Life update (10/31/2025)

[check out this post on my personal page, where it looks better]

This morning, at about half past nine, I’ve woken up to a sound I’ve dreaded for the last seven years: an incoming call. I don’t receive calls unless it’s work-related, and that was the case: HR calling me to cover a shift as a technician at the hospital, a job that has wrecked my health to the extent that it landed me thrice in the ER due to arrhythmia and a hemiplegic migraine.

After I finished the last contract, in which I worked as a programmer and that illustrated perfectly, by contrast, that I’m not suited at all to work as a technician, I went to the Occupational Health department and talked to a doctor to inform them that I wouldn’t work as a technician anymore. That doctor turned out to be a temp, and she told me that I should speak to my general practitioner at another hospital for it. When I visited the general practitioner, she told me that the doctor at OH must have been confused, and I should talk to her about it again. When I wrote to that doctor, I didn’t receive an answer, likely because she was no longer working there. This whole nonsense, a complete waste of time that unfortunately I have had to deal with so many times in my life, annoyed me enough that I didn’t book another visit with Occupational Health, which caused HR to eventually call me for a technician job. Thankfully, the job was only to cover a single afternoon shift (today’s), which means I won’t get in trouble for refusing it. But I need to hurry and schedule another visit to Occupational Health as soon as possible.
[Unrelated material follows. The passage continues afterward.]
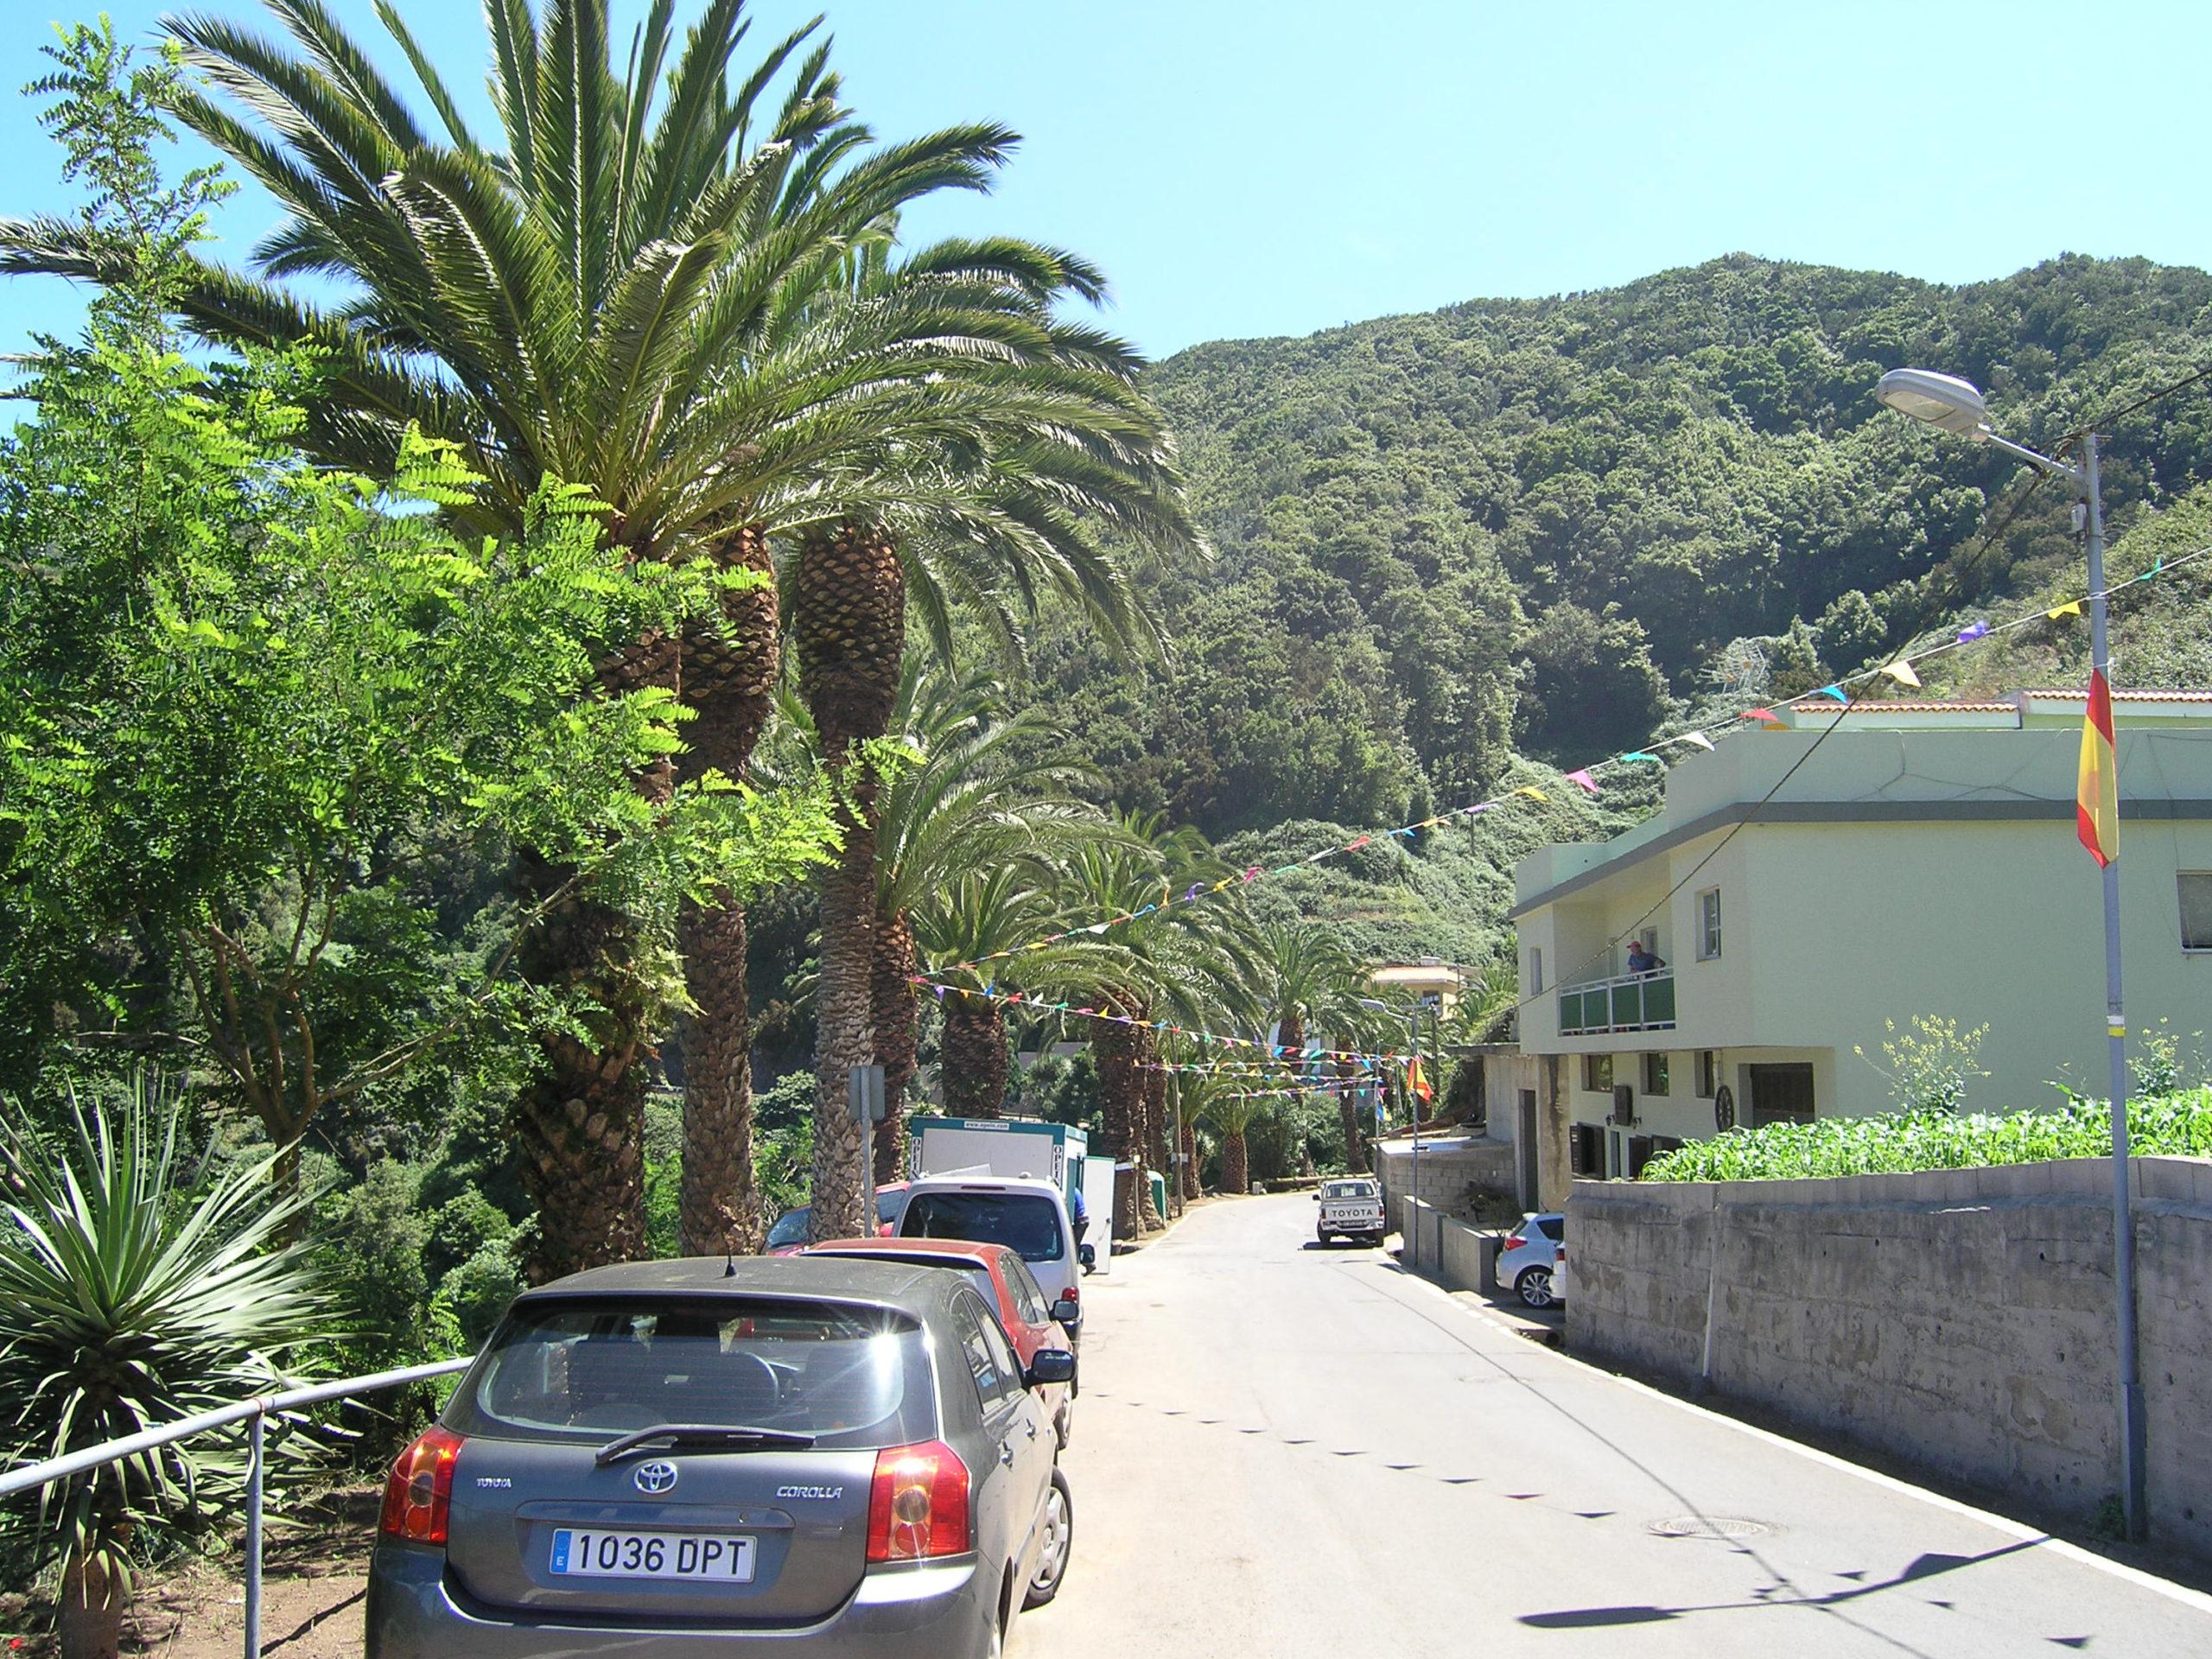 Widok na drogę samochody i góry

I have to deal with this shit even though I’m in a state that can likely be called depression. A couple of days ago, as I rolled in bed trying to calm my intrusive thoughts down so they would let me sleep, I had an intimate mental dialogue with my body that I’ve had at my lowest points: “Please let me die in my sleep. I don’t need to know about it and I don’t want to feel anything. I just don’t want to wake up again. I don’t want any more of this shit.” The next morning I woke up disappointed, and spent the whole day with my body urging me to lie down and sleep. Although I forced myself to go out and play the guitar (at a trail that only about six people passed through), everything I played sounded slowed down and lacking energy.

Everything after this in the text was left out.